Yüzyıllar sürdü bu sürgün. Sen başka bedenlerde, yabancı isimlerle uyudun, Ben başka şehirlerin gürültüsünde kendi sessizliğimi aradım. Ama aramızdaki o görünmez gümüş kordon, O ilahi çekim yasası... Ne kıtaların ayrılmasıyla koptu, Ne de hafızanın silinmesiyle yok oldu.

Özlem... Sıradan bir hasret değildi bu içimdeki. Bir okyanusun, çekildiği kıyıya geri dönme arzusu gibiydi. Bir kökün suya, bir gezegenin güneşe duyduğu o kaçınılmaz açlıktı. Hep eksiktik. Yarım kalmış bir şarkının, havada asılı kalan o son notası gibi... Sadece tamamlanmayı bekliyorduk.

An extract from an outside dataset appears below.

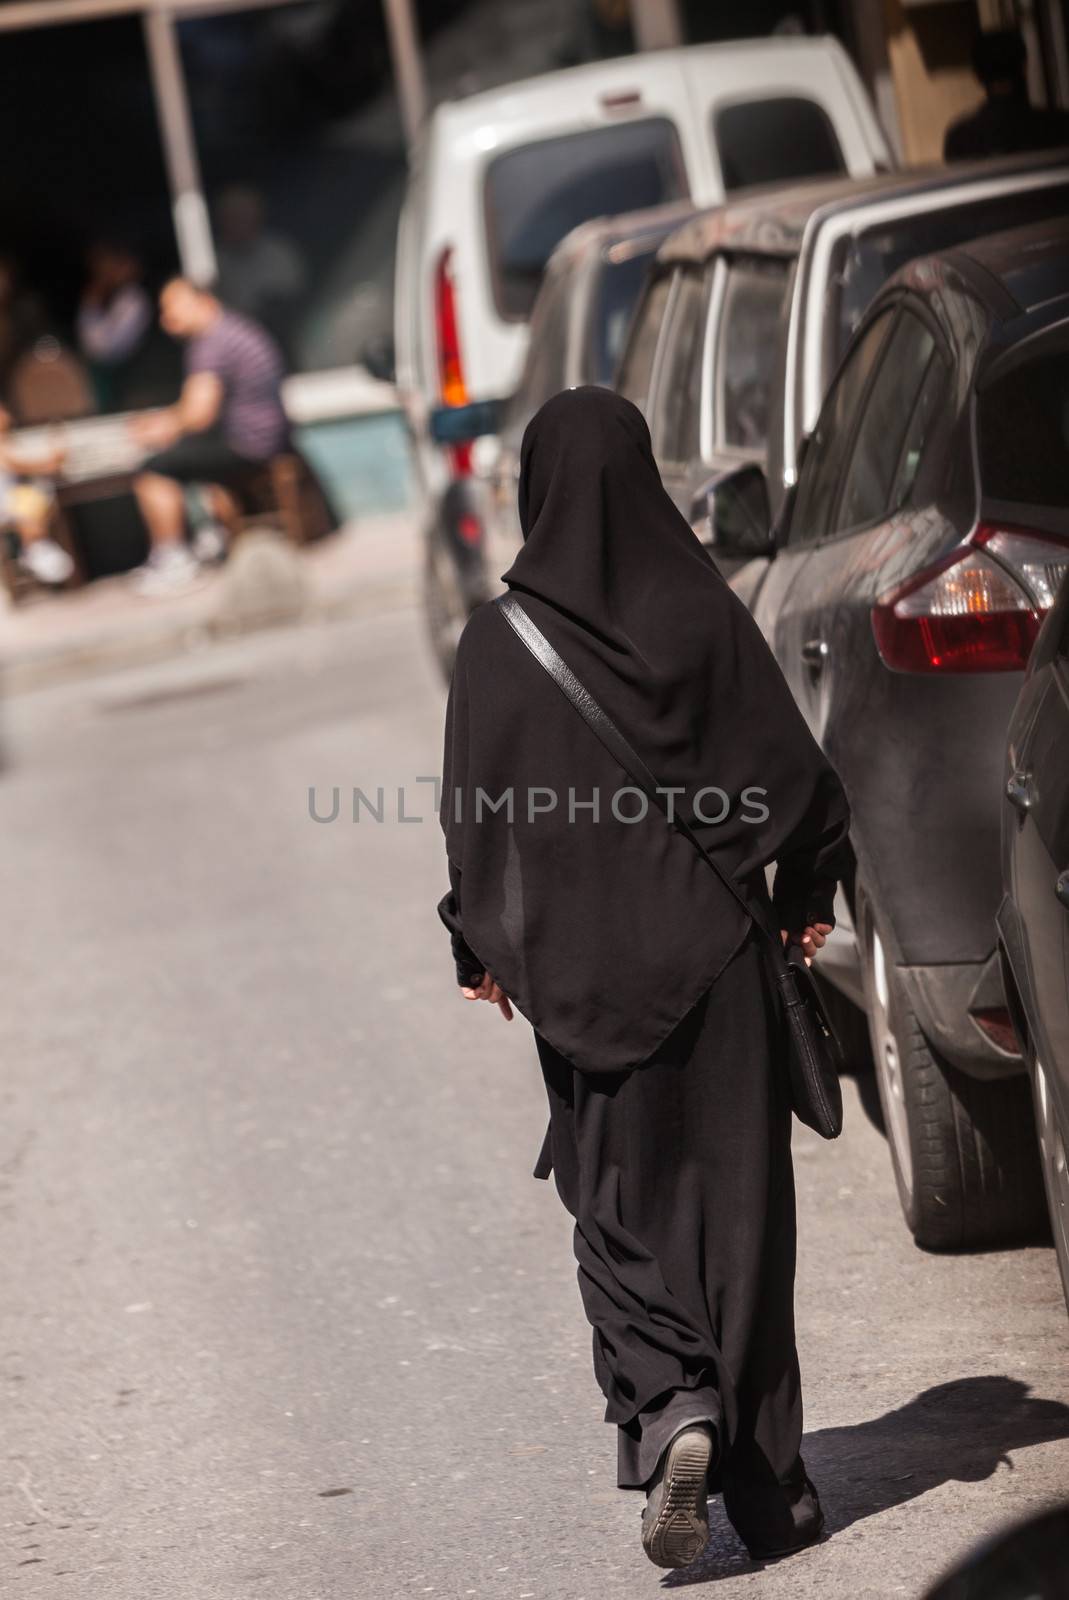 Muslim woman in Istanbul neighborhood wearing a hijab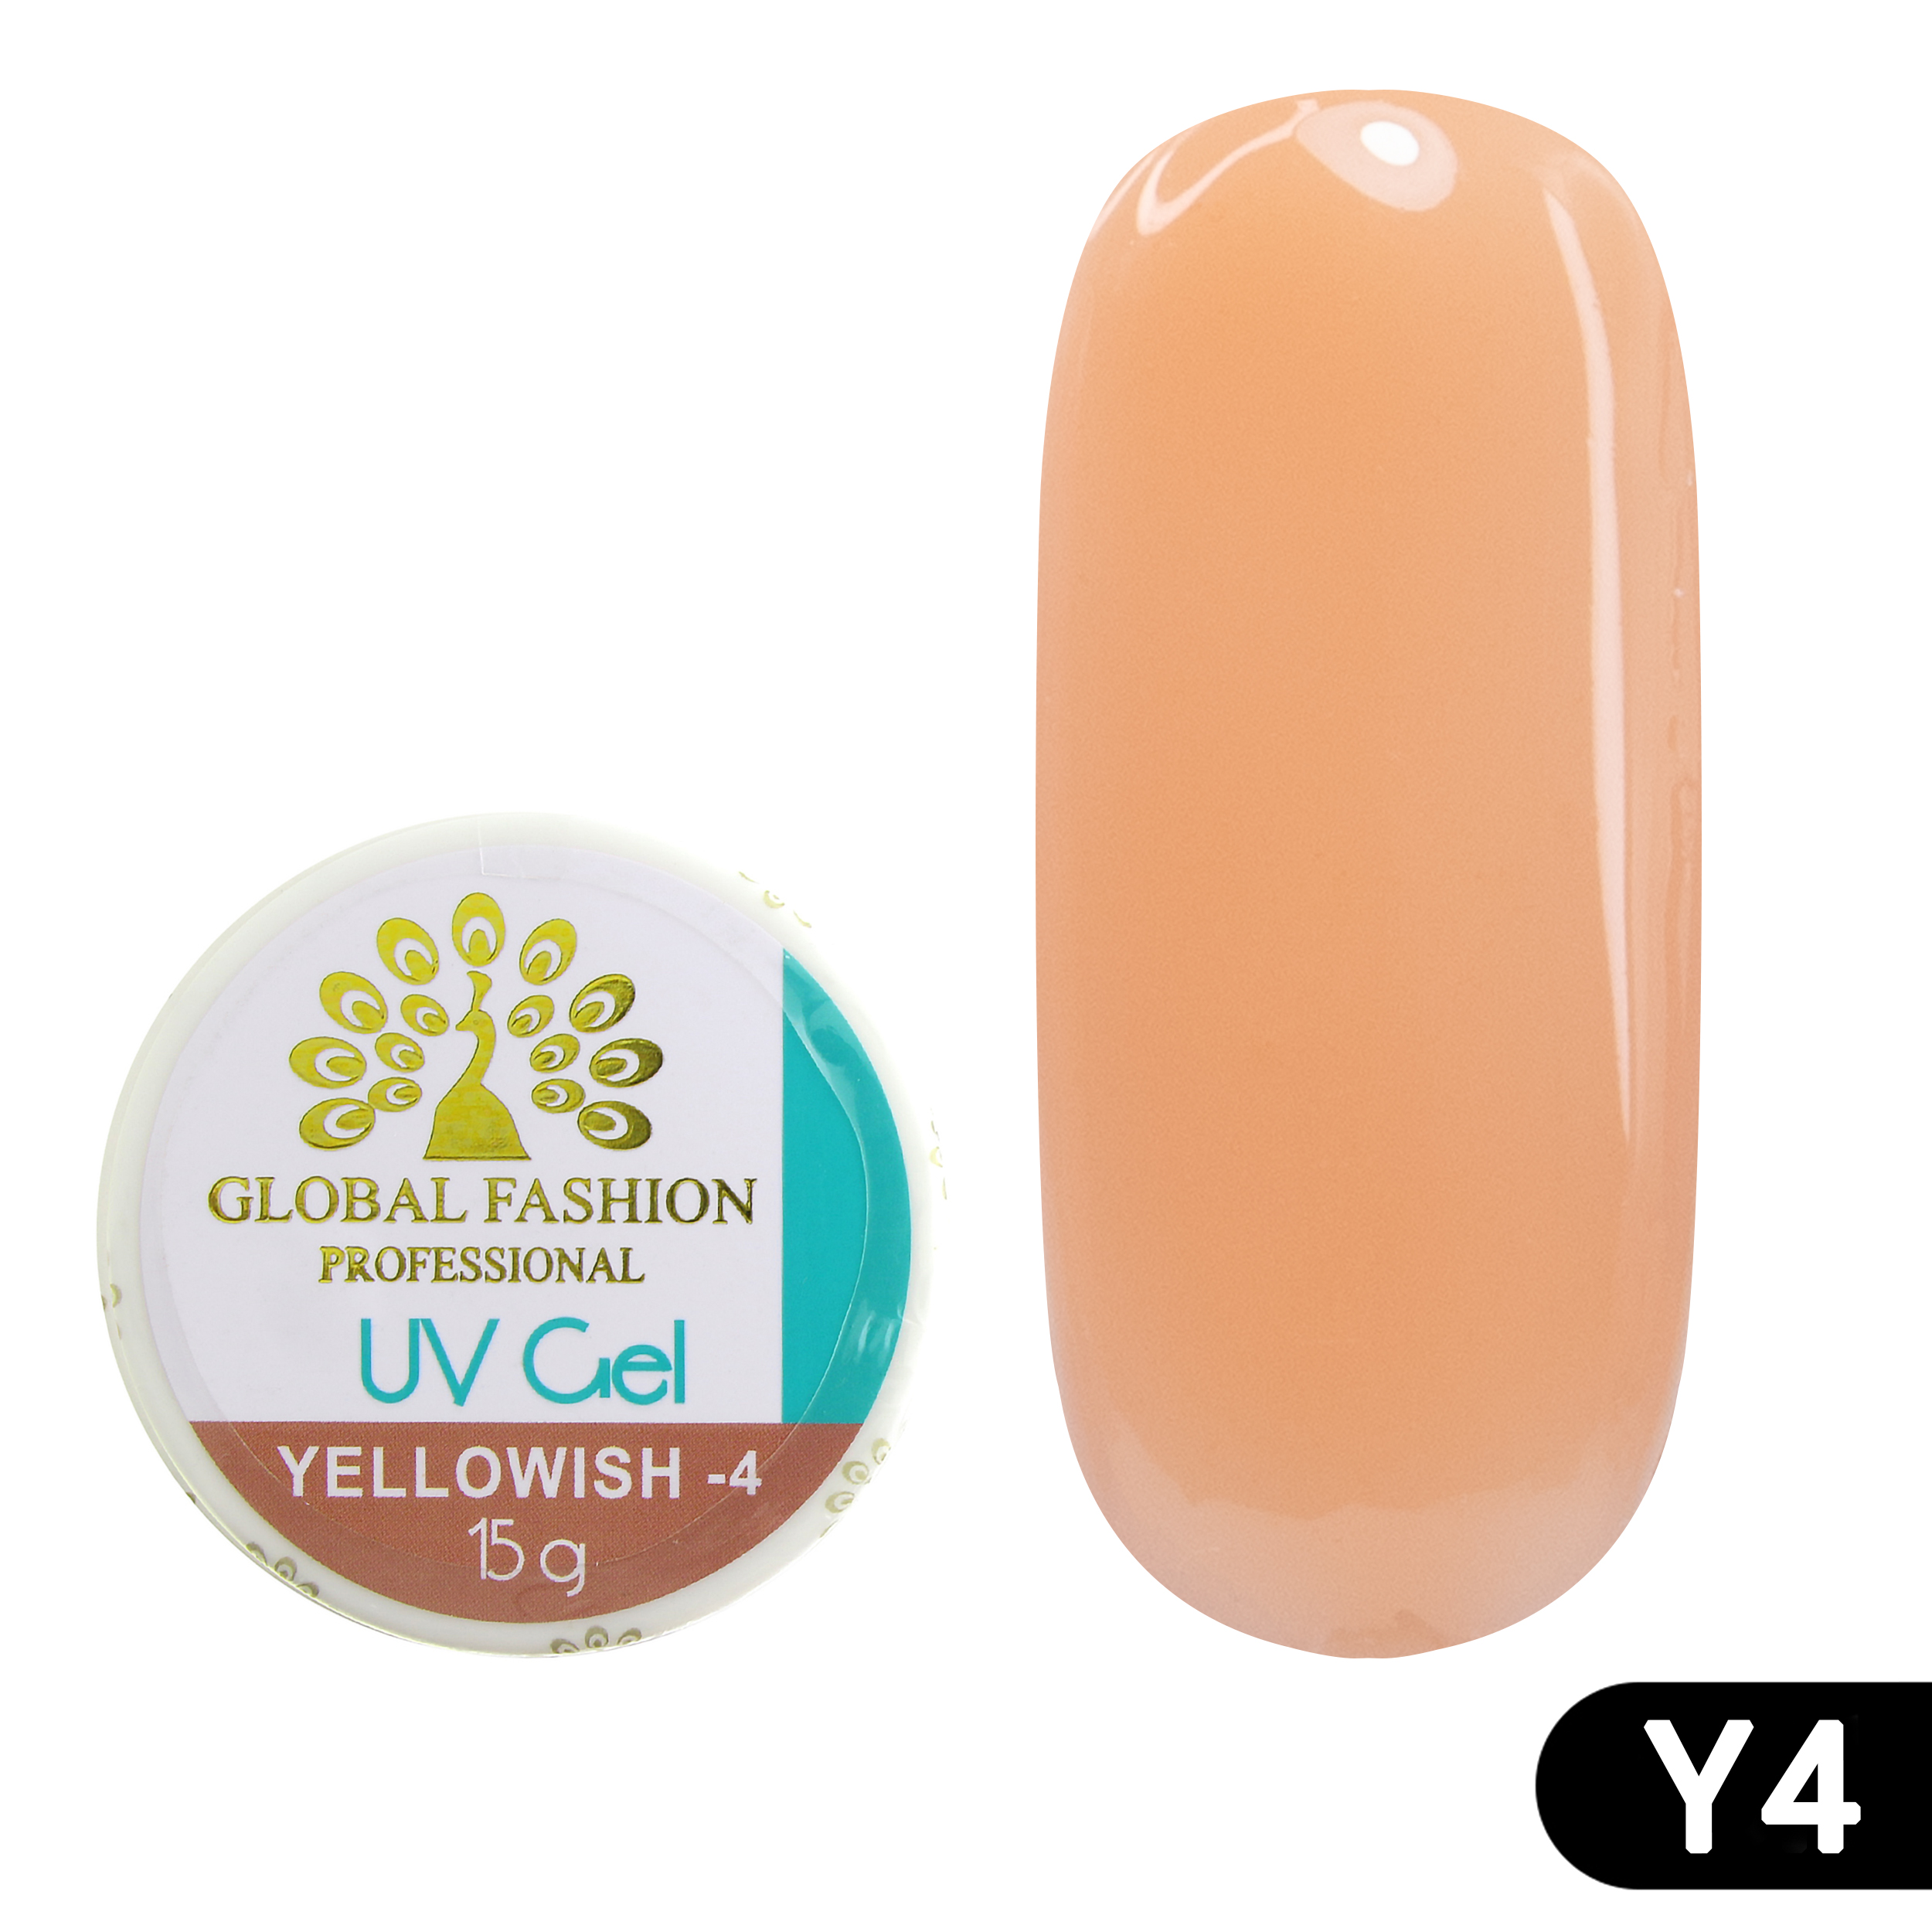 Гель для наращивания ногтей камуфляж-4 Global Fashion Yellowish-4 15 г акригель для наращивания ногтей diva nail technology полигель в тюбике прозрачный 30 г

Ve şimdi... Evrenin o hassas saati çaldı. Kayıp zamanların telafisi başlıyor. Hissediyorum... Toprağın altındaki o tanıdık sarsıntıyı, Atmosferdeki o elektriği... Dönüyorsun.

Bu bir tesadüf değil, Bu, ilahi kaderin en beklenen randevusu. Aynaya baktığımda gördüğüm o eksik parça, Kendi ruhumun diğer yarısı, yörüngeme giriyor.

Korkular, kaçışlar, inkarlar... Hepsi bitti. Sen gelirken, sadece bir bedeni değil, Benim unuttuğum o "beni" de getiriyorsun yanında.

Hoş geldin... Kendi yangınıma, kendi evime, Hoş geldin, ruhumun aynası. Yolculuk bitti. Alev, alevle buluştu. Artık yanmaktan başka çare yok.